怪我のために、硬くなっていた筋肉。「でも暑いと緩む。だから昨日も、あえて日傘を差さないで、背中を温めてやりました」。

今週は序盤の強い日差しも味方につけて、首位と2打差は大きなチャンスだ。

上がりは16番からの3連続バーディで、「気持ちよく回って来られた」と、笑顔もこぼれる。最終日もこんなふうに、「明るくやろう」と決めている。

予選ラウンドは、連日の猛暑に、プライベートでも親しくしているJ・チョイは残念ながら、体調不良で2日目に棄権をしたが、ちゃんと置き土産をしてくれた。

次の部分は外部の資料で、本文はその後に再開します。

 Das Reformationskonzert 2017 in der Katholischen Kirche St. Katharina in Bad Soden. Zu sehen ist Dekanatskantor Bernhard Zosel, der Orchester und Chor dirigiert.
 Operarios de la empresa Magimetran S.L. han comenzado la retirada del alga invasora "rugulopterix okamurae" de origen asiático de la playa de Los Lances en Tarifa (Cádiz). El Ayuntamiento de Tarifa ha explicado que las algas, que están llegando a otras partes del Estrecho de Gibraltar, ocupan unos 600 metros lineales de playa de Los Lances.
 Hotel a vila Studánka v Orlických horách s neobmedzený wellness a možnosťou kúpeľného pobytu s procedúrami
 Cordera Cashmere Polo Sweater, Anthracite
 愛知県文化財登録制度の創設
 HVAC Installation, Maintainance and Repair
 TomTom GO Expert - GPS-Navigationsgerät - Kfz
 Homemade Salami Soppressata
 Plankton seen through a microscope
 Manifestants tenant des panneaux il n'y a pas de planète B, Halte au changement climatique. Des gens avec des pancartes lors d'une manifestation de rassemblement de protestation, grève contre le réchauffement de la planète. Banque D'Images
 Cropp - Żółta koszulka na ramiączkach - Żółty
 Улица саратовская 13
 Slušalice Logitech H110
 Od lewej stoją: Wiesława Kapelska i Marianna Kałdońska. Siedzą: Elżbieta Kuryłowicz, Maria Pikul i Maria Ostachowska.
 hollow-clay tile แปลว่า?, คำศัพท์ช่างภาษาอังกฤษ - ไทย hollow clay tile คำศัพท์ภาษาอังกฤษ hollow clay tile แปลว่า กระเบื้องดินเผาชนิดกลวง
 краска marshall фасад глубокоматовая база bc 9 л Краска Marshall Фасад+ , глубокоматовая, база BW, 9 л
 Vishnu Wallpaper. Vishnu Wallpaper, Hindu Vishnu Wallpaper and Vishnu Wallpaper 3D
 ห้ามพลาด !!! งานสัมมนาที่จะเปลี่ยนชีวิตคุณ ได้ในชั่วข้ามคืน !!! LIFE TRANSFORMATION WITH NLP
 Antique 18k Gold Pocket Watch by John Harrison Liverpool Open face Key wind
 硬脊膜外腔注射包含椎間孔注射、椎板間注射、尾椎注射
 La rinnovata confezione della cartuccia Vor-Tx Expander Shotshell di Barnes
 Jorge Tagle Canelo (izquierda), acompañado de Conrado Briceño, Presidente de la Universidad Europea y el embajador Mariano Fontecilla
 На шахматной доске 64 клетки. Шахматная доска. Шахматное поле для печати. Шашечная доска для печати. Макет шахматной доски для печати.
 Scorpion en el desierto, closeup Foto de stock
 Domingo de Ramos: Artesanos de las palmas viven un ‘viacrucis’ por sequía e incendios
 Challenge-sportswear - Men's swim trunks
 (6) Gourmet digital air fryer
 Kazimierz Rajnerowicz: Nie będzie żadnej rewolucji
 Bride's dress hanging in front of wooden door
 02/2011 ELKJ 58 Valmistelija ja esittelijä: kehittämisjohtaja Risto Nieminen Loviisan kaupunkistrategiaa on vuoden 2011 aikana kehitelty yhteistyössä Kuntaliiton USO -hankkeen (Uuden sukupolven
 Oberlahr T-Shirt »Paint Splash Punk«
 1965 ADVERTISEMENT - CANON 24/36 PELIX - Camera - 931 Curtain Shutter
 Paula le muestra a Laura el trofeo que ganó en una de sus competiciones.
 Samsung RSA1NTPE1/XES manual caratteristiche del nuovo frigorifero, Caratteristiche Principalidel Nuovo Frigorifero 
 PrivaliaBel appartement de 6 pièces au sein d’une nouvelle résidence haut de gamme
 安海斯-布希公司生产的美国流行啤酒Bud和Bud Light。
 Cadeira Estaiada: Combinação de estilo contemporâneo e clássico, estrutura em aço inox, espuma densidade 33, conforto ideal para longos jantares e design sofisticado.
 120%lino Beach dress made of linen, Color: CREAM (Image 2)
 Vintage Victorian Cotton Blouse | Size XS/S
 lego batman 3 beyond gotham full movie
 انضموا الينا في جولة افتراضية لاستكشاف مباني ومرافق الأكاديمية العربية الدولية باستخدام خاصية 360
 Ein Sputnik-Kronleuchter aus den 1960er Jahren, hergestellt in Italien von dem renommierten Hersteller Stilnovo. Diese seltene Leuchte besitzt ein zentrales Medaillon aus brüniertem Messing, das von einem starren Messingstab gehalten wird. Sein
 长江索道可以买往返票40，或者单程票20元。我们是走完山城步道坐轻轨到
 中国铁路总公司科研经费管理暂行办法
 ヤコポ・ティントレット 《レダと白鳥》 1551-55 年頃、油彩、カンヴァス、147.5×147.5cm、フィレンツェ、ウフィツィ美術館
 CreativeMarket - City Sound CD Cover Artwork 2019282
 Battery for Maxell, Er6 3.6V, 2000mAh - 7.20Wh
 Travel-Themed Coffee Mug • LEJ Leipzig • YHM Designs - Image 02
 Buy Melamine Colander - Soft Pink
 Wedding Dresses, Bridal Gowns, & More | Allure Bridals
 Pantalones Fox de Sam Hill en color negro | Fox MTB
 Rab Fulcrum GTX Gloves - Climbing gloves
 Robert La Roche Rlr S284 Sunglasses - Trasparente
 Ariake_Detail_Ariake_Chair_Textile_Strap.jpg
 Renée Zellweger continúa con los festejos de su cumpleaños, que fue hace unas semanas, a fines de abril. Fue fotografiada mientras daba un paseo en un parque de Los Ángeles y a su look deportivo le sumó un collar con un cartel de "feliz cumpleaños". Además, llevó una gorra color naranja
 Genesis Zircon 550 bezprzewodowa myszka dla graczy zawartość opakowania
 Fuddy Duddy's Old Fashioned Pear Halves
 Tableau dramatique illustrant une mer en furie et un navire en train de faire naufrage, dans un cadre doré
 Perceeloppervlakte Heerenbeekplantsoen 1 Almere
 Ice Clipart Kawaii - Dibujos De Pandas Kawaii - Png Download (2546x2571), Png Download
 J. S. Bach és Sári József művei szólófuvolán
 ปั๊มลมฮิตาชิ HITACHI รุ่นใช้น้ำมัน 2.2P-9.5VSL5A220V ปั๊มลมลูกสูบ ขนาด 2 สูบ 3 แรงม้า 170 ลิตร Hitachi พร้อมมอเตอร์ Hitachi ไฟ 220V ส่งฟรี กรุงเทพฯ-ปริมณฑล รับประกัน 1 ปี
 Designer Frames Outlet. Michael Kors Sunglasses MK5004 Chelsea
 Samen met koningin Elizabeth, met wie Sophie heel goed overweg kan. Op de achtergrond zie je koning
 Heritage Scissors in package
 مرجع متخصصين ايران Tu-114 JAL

「あなたはなんで球を打っていないときまで、そんな暗い顔をしているの?」。チョイに言われてはっとした。
「僕はメンタルが弱い」。だから、どんなに良い場面でも「ネガティブなことばかりを考えてしまう」。ラウンド中も、うつむき加減に歩いてしまう。

「真剣になるのは、ショットするほんの20秒ほどでいいんだよ」とチョイに言われて、反省した。今週は、予選ラウンドからショットの合間はキャディと会話をしたり、楽しくプレーすることを心がけている。
「明日も暗くならないように。上を向いて歩いていこう」と決めている。
「今日は最後もテレビに映ると思って、バーディが取れた」。4メートルを沈めてこぼした笑顔をぜひ、見てもらいたい人たちがいる。

このたびの震災の被災者。中でもとりわけ自分と同じ境遇にある在日韓国人の方々だ。「昨日も連絡をもらって。頑張ってください、と」。
逆にエールをもらって在日3世の31歳が、奮い立つ。
「被災地に良い知らせを届けたい」。

首位には趙(チョ)。白の後ろの3位タイには2打差でドンファン。韓国勢の包囲網。
「在日として、負けられない」。
ライバル心をむき出して、悲願の初優勝を狙っていく。